Ten symptoms of legalism
Peter Mead suggests that a spirit of legalism manifest itself in a number of ways:
- Negative attitude toward pleasing God – it is duty rather than delight (I feel like a slave not a son)
- Competitive attitude toward others – they don’t live up to my standard (biting and devouring one another)
- Prideful attitude towards self – it may be self-despising at times when I fail, but it is a self-evaluation that registers somewhere on the pride scale.
- Distracted focus of the heart – me and law and others, more than Christ Himself.
- Corrupted view of love relationship – I must obey in order to be loved, rather than I lovingly obey because I am loved.
- Broken representation of the Trinity – I obey to merit love, so I shatter the beauty that I am called to represent, of a Son lovingly obeying His Father in a loving response to love.
- Selective distaste for sin – I will express my dislike of sins that bother me (i.e. those that are “worse” than mine, or that I never struggle with), but I seem to harbour and nourish other sins (private, secret, “sanctified” gossip, or talk that tears down, or pride, or self-righteousness, or whatever).
- Disproportionate conversation – I have much more to say about rules, standards, laws and evaluation of others than I have to say about the wonder of Christ.
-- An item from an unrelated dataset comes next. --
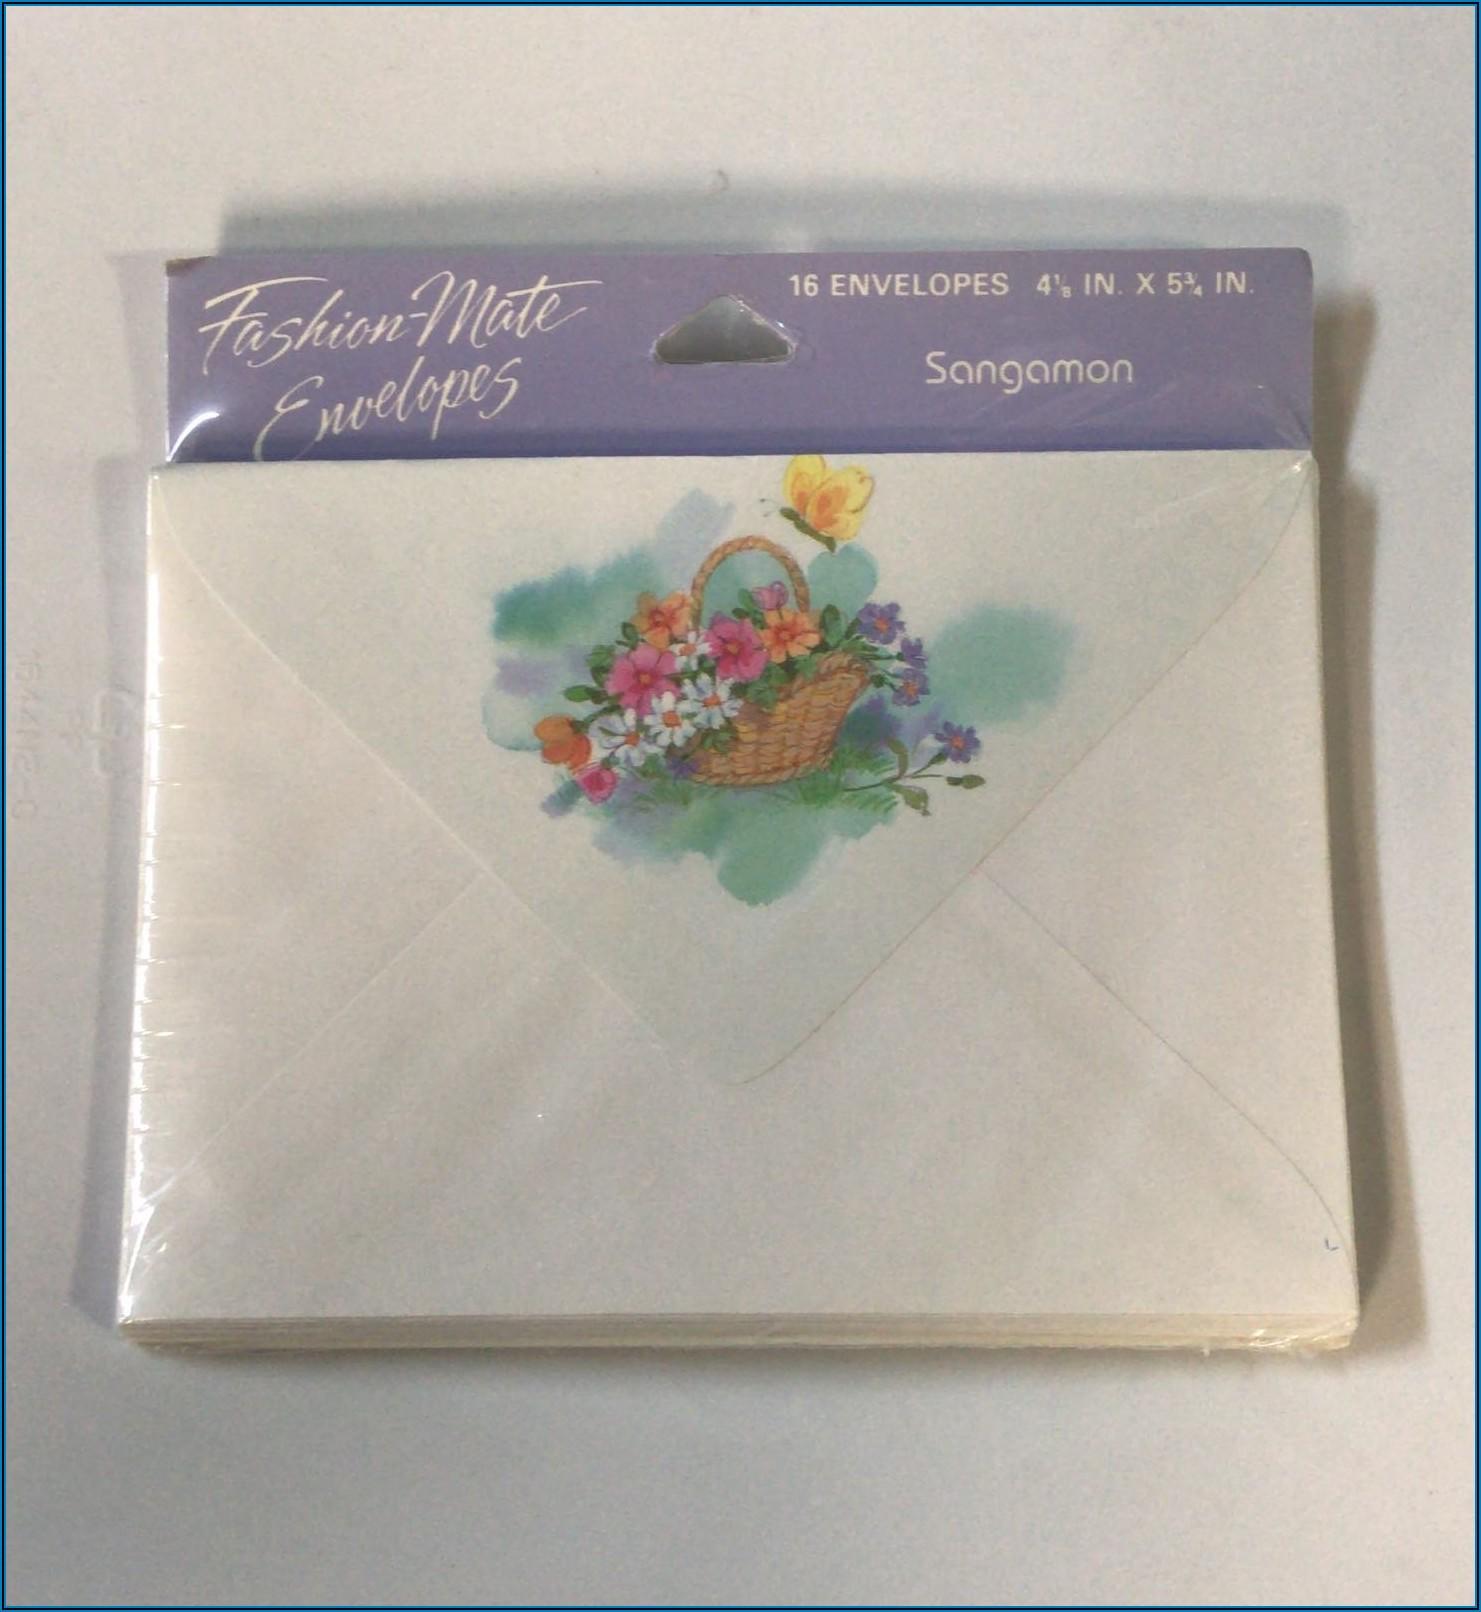 4 X 5 Envelopes Walmart

Get me going on issues of sin and I wax eloquent, but raise the beauty of Christ and I don’t have much to say.
- Embittered personality – I reflect an inner tension, sourness, anger or negativity, rather than an increasingly effortless manifestation of the fruit of the Spirit.
- Restricted vulnerability – I may offer some token statements of my own failure and weaknesses, but I am reticent to reveal too much of my inner self.